Clinton County District Attorney Andrew Wylie at a news conference Wednesday said that Joyce Mitchell had talked to inmates Richard Matt and David Sweat about killing her husband, Lyle, who also works at the Clinton Correctional Facility in Dannemora, near the Canadian border. Wylie told ABC News that Mitchell said to investigators that she was having sex with Matt.
Sweat and Matt escaped from 170-year-old prison in far northern New York on June 6 and have yet to be apprehended as a 13th day of searching started Thursday. Joyce Mitchell, a prison tailoring shop instructor who befriended the inmates, was arrested June 12.
Lyle Mitchell voluntarily gave a statement to authorities during a three-hour session at the state police barracks in Malone on Wednesday, the Press-Republican of Plattsburgh reported.
His lawyer, Peter Dumas, said Lyle Mitchell will not be charged in connection with the escape, the newspaper reported.
Dumas told NBC's "Today" show Thursday that his client was "blown away" by revelations that Joyce Mitchell talked to the inmates about having them kill her husband after they broke out.
"He in shock, still," Dumas said. "This is a woman who he felt was his best friend for 21 years, and now he finds out that she was possibly part of a plot to kill him."
Investigators have no information that Lyle Mitchell knew about the escape plan or assisted in it, Wylie said.
Meanwhile, state police expanded the search for the killers beyond a 16-square-mile area of woods, fields and swamps where the manhunt has been most intense. Police were checking the hundreds, if not thousands, of seasonal homes and hunting camps in the region and stepped up roving patrols.
Officials said the number of law enforcement officers involved in the search had been reduced from more than 800 earlier in the week to more than 600 Wednesday.
State police said Wednesday that they have "no hard evidence" that Sweat and Matt were able to leave the area. But they cautioned that the lack of evidence doesn't mean the escapees are somewhere near the prison.
Sweat, 35, was serving a life sentence without parole in the killing of a sheriff's deputy. Matt, 48, was doing 25 years to life for the kidnap, torture and hacksaw dismemberment of his former boss.
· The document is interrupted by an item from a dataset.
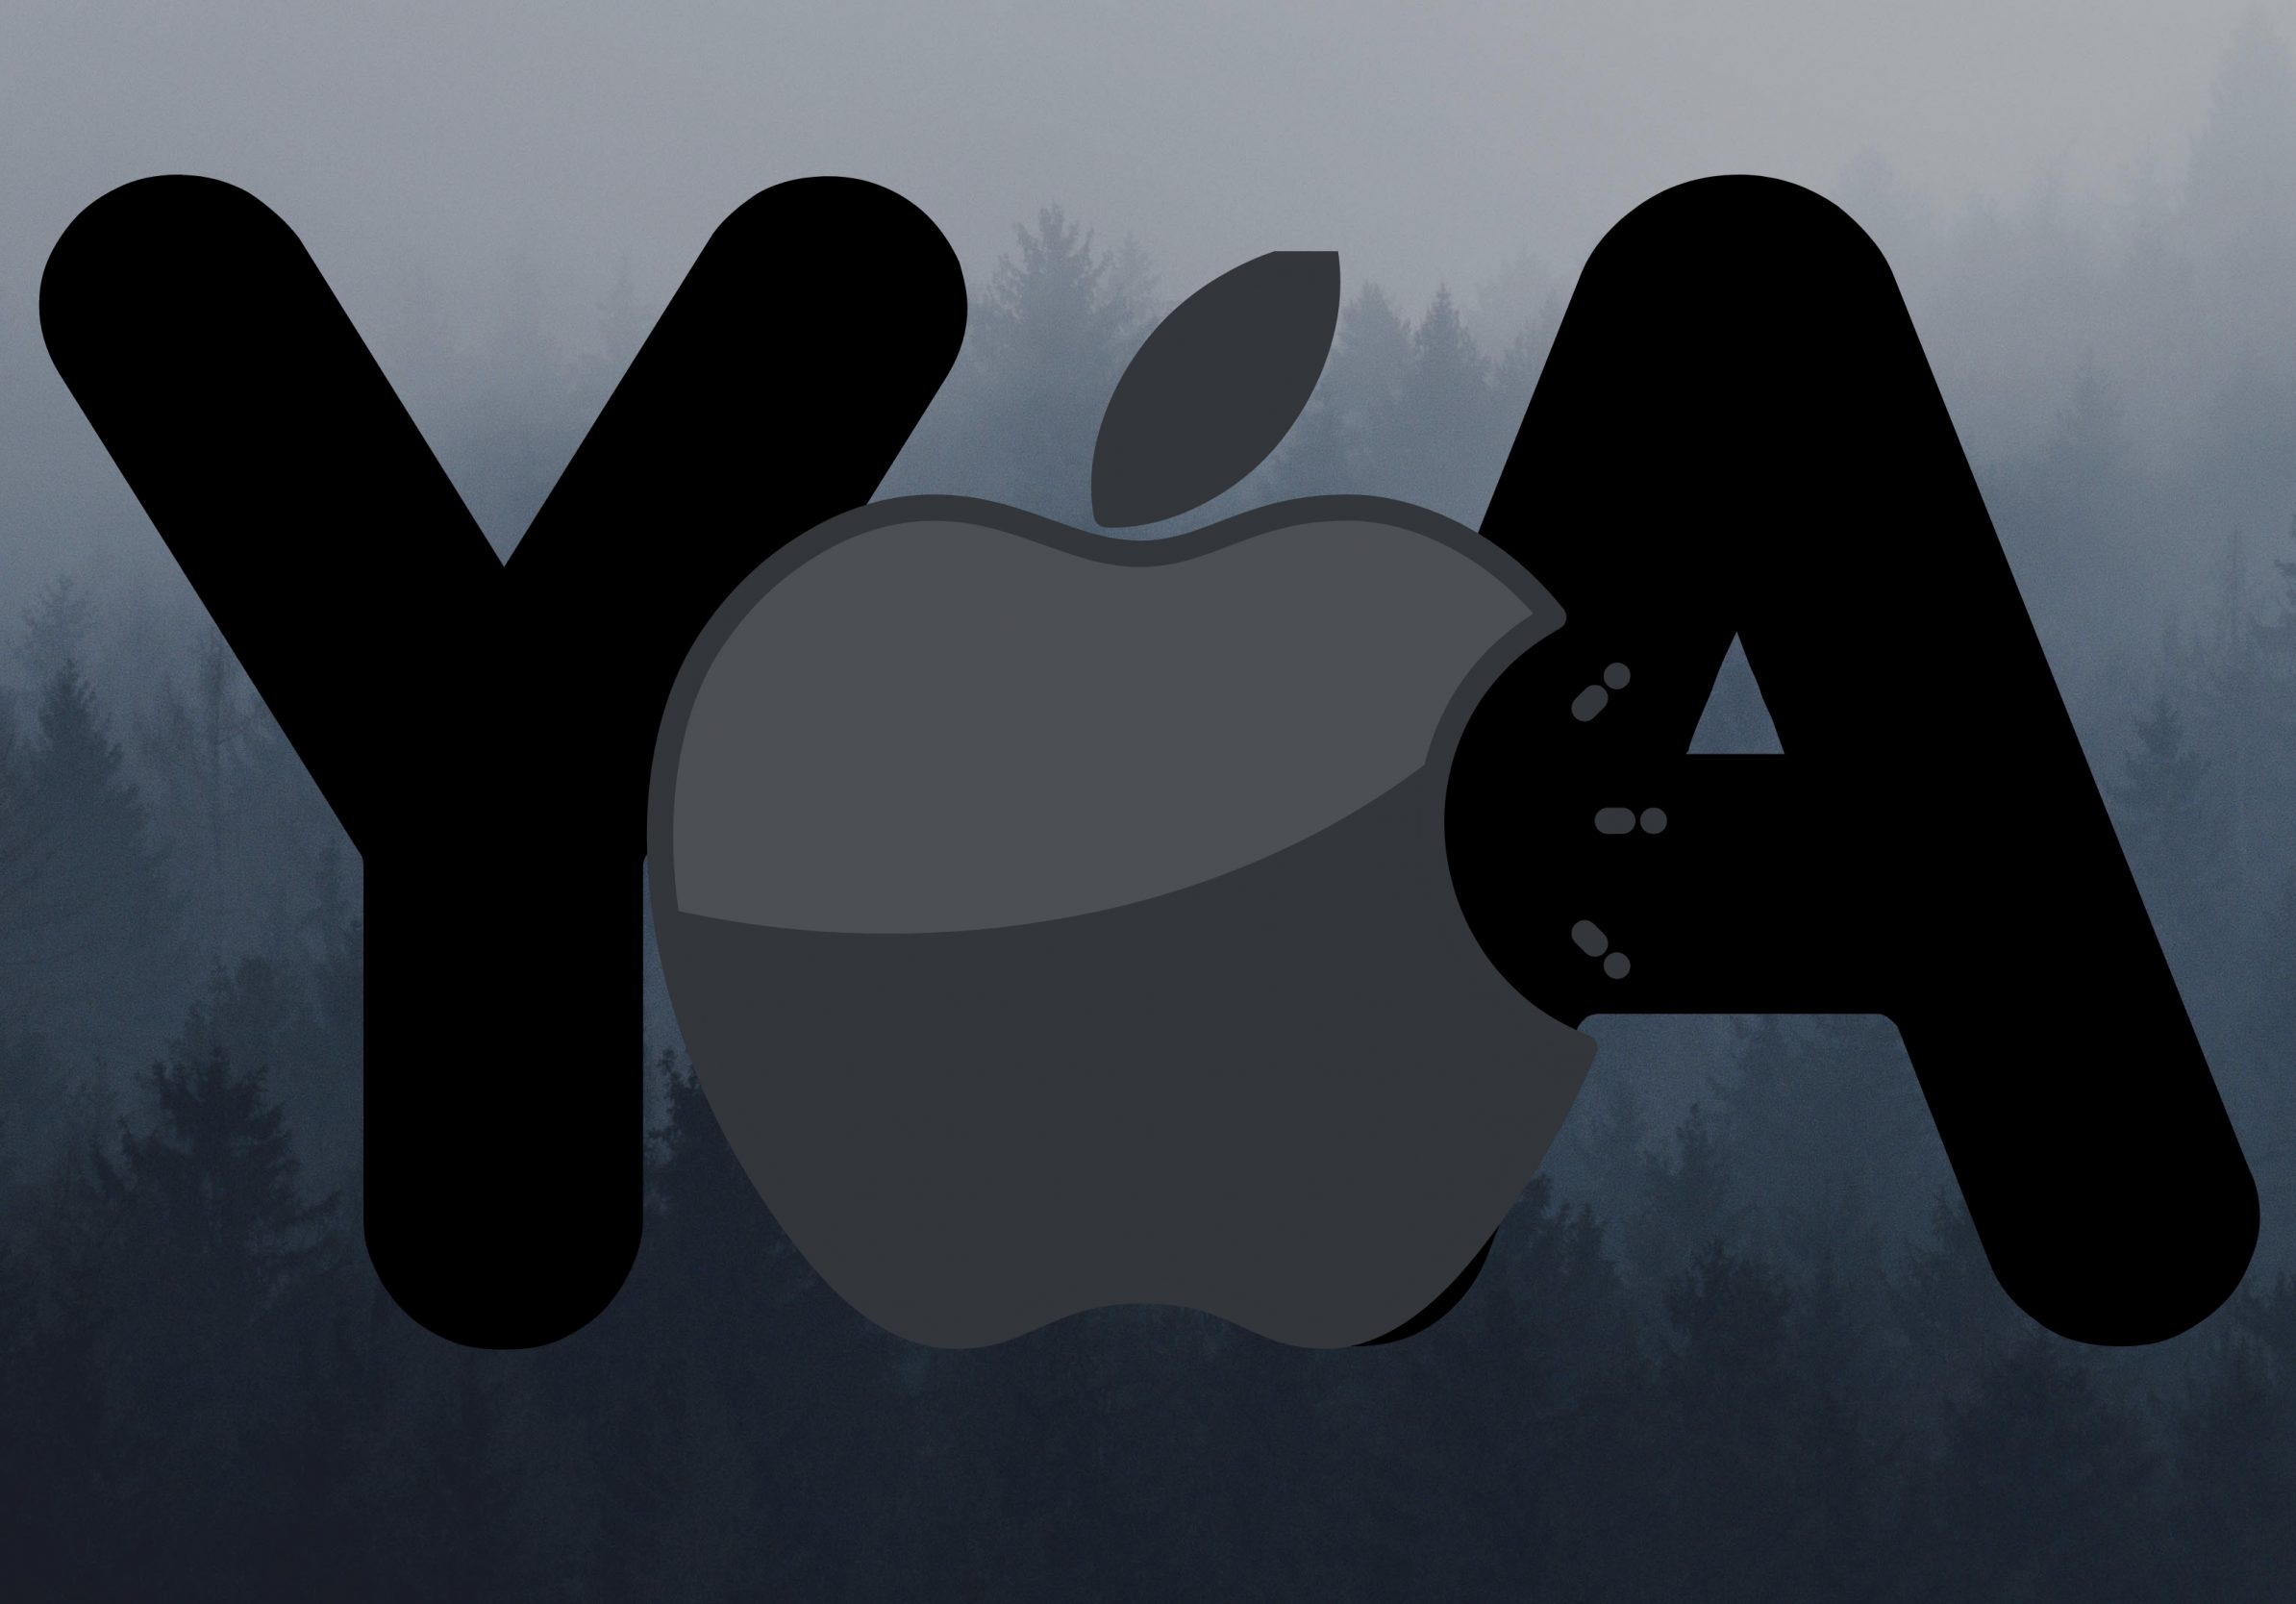 2388x1668 iPad Pro wallpapers Apple Logo Ya Grey Background iPad Wallpaper 2388x1668 pixels resolution

Prosecutors say Joyce Mitchell had agreed to be the getaway driver but backed out because she still loved her husband and felt guilty for participating.
She was charged last week with supplying contraband, including a punch and a screwdriver, to the two inmates. She has pleaded not guilty and has been suspended without pay from her $57,000-a-year job overseeing inmates who sew clothes and learn to repair sewing machines.
Authorities say the convicts used power tools to cut through the backs of their adjacent cells, broke through a brick wall and then cut into a steam pipe and slithered through it, finally emerging outside the prison walls through a manhole. Wylie says they apparently used tools stored by prison contractors, taking care to return them to their toolboxes after each night's work.